21 October 2008

Christianese Cheese

Daniel Radosh on the new Christian film Fireproof, starring evangelical superstar Kirk Cameron:
Cheesy? Heavy-handed? Yes, and intentionally so. In films like this, an evangelistic and ministerial mission do much more than a good script to assure commercial success. Not only has Fireproof made a handsome profit, but The Love Dare, a book which did not even exist until it was created as tie-in to the movie, is now at the top of The New York Times bestseller list. A Fireproof Your Marriage study kit and other products are also selling briskly.
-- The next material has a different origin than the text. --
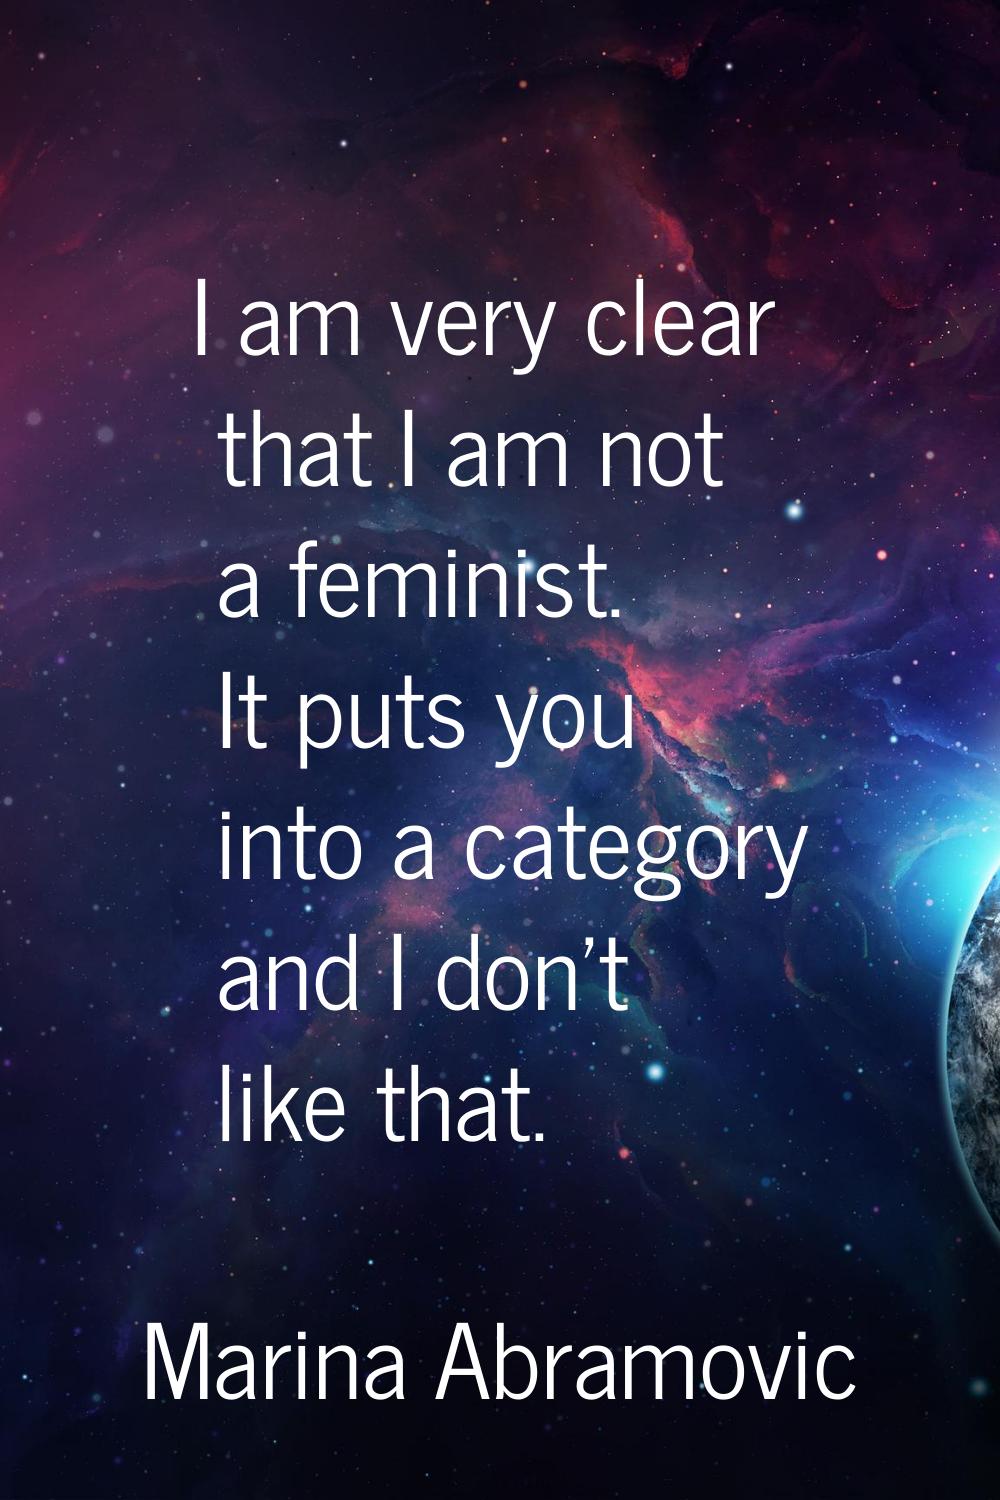 I am very clear that I am not a feminist. It puts you into a category and I don't like that.
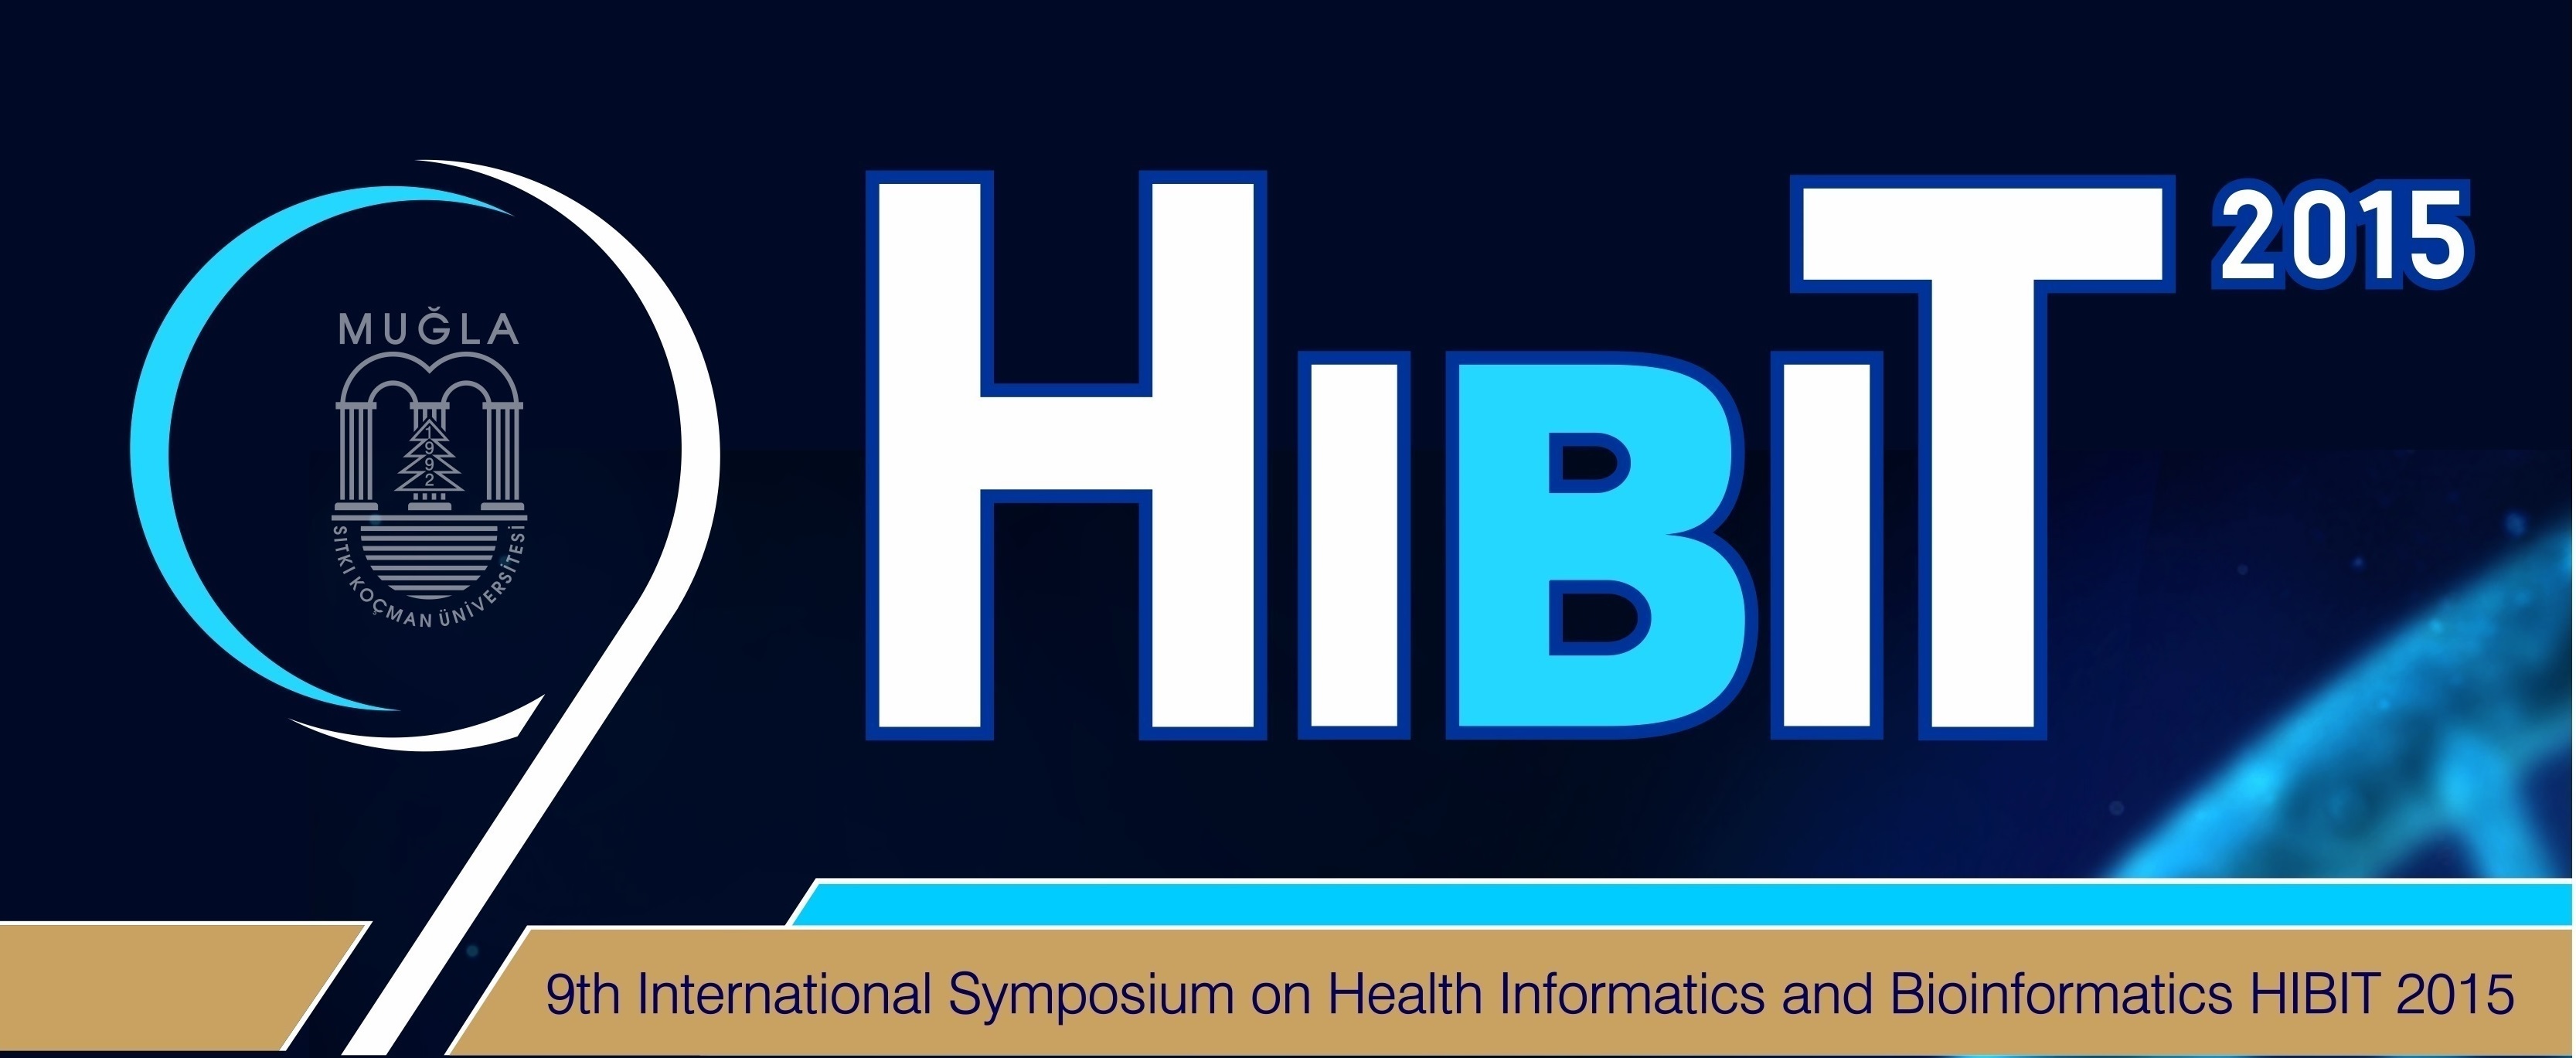 The International Symposium on Health Informatics and Bioinformatics, (HIBIT), now in its ninth year (HIBIT 2015), aims to bring together academics, researchers and practitioners who work in these popular and fulfilling areas and to create the much-needed synergy among medical, biological and information technology sectors. HIBIT is one of the few conferences emphasizing such synergy. HIBIT provides a forum for discussion, exploration and development of both theoretical and practical aspects of health informatics and bioinformatics and a chance to follow current research in this area by networking with other bioinformaticians.

But in making evangelism—-and acceptability to the most insular Christian audiences—-a priority, Christianese films all but guarantee artistic failure. Art demands an honesty that the evangelical bubble would find intolerable. Committed to promoting an unambiguous message that God solves all problems, Fireproof never portrays Christians doing anything untoward, or even experiencing any sorrow. Caleb’s parents’ marital struggles pre-dated their Christianity. When Caleb’s best friend reveals that he divorced his first wife, he not only says it was before he found the Lord, but adds that after he did, he would have gotten back together with his ex had she not already remarried. In the perfect world of Fireproof, good Christians do not have bad marriages, any more than they drink, gamble or swear.
Radosh puts his finger on why so many Christian films end up feeling hollow and lacking in depth; there seems to be a fear of probing evil and acknowledging the lifelong struggle against sin. Such films indicate a lack of faith, as if there is the fear that Christ's truth might be shown false if Christians, after being "saved", continue to stumble in serious ways. I haven't seen the film, and one always appreciates the good intentions of such filmmakers; if only they weren't afraid to be more genuine, they would reach a far wider audience and in a more powerful way.

One Christian film I saw recently that was a pleasant surprise was Midnight Clear, with Stephen Baldwin. The evangelical slant, though present, is subtle enough, and the film wrestles grittily with questions of life's meaning and purpose, without wrapping up neatly or tidily in the end (but still leaving one with a sense of hope).